● **Exercise prompt**
I would like the lines below, from the one with "Sperry Gold Cup" through the one with "Accessorize Crinkle Fabric", copied exactly and without any pictures.

(Provided data begins)

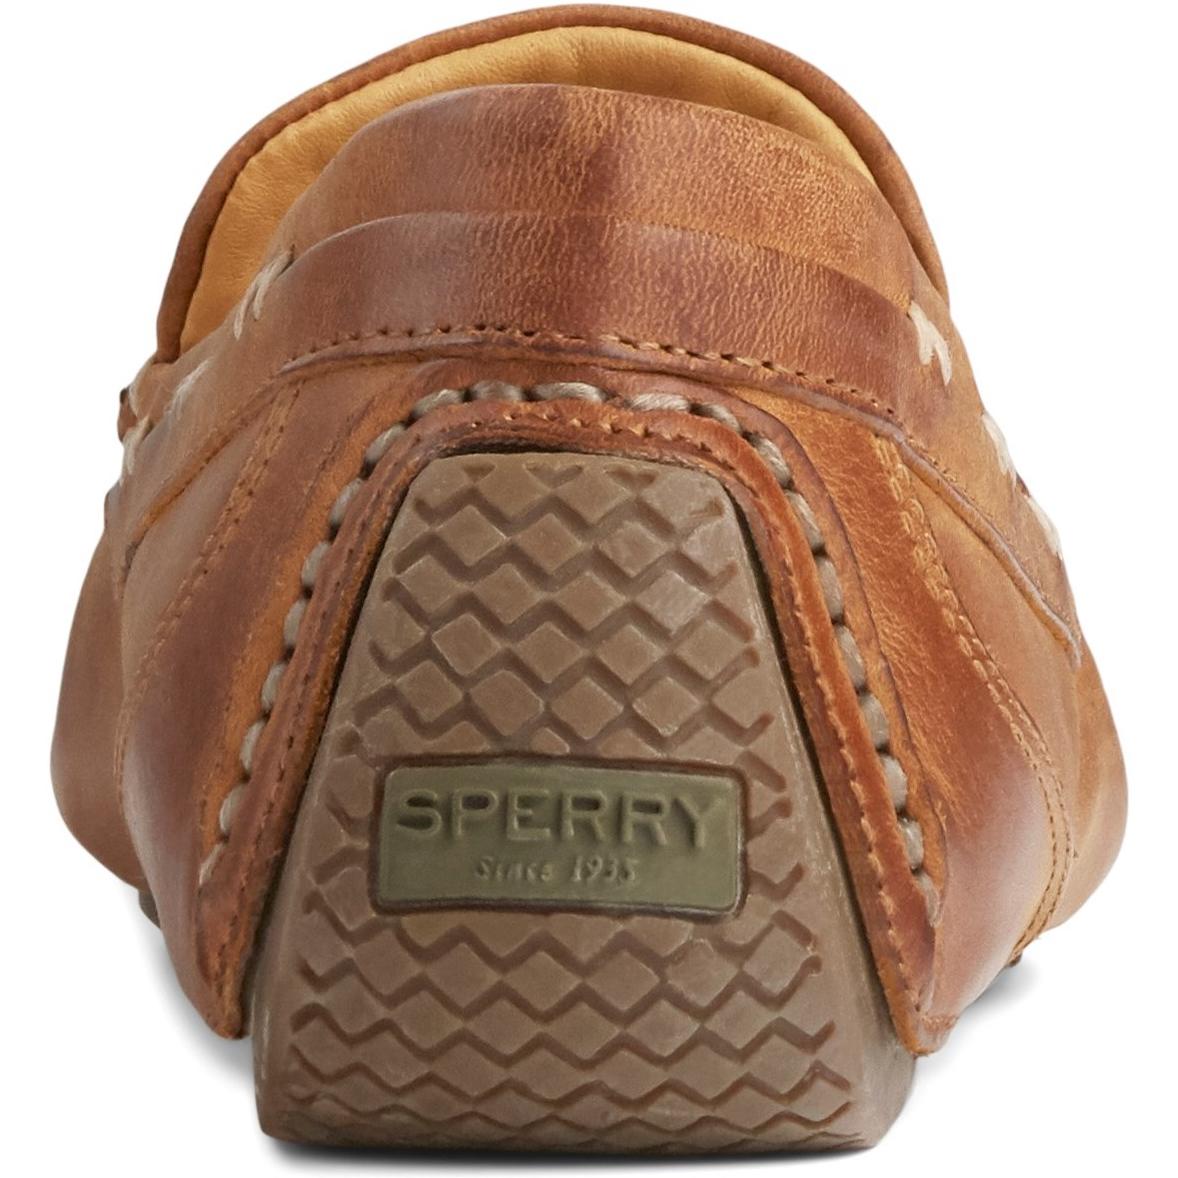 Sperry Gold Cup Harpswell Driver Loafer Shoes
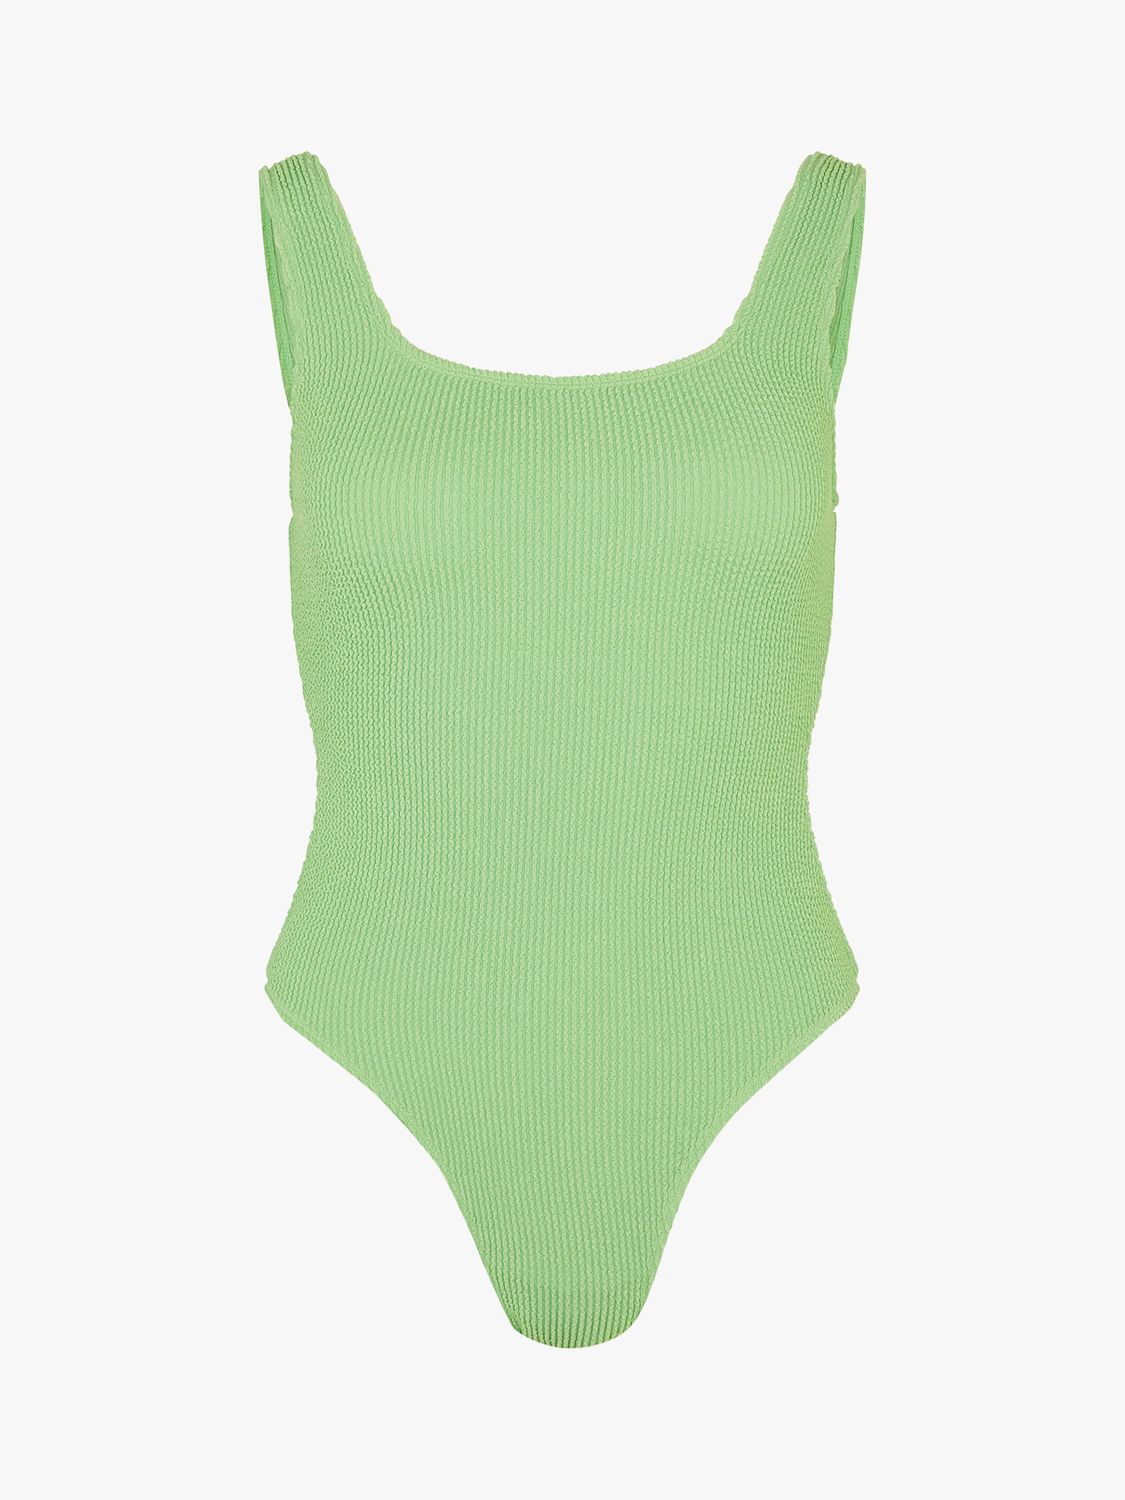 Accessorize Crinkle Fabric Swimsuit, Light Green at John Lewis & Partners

(Provided data ends)
(Provided data begins)

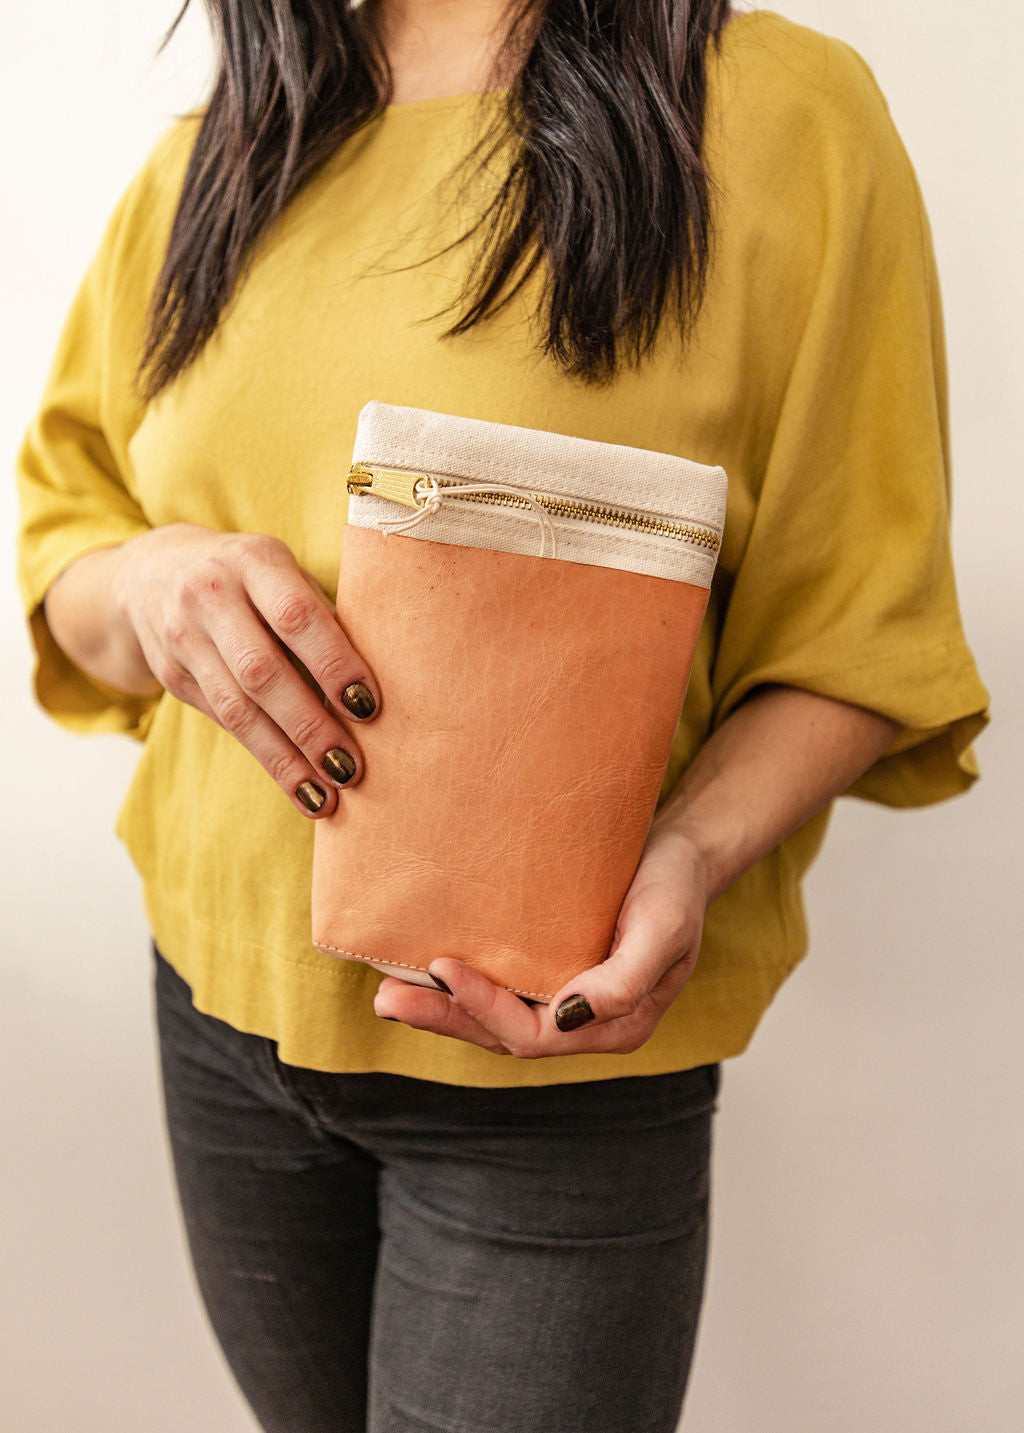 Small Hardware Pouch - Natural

(Provided data ends)

● **Answer section**
 Sperry Gold Cup Harpswell Driver Loafer Shoes
 Accessorize Crinkle Fabric Swimsuit, Light Green at John Lewis & Partners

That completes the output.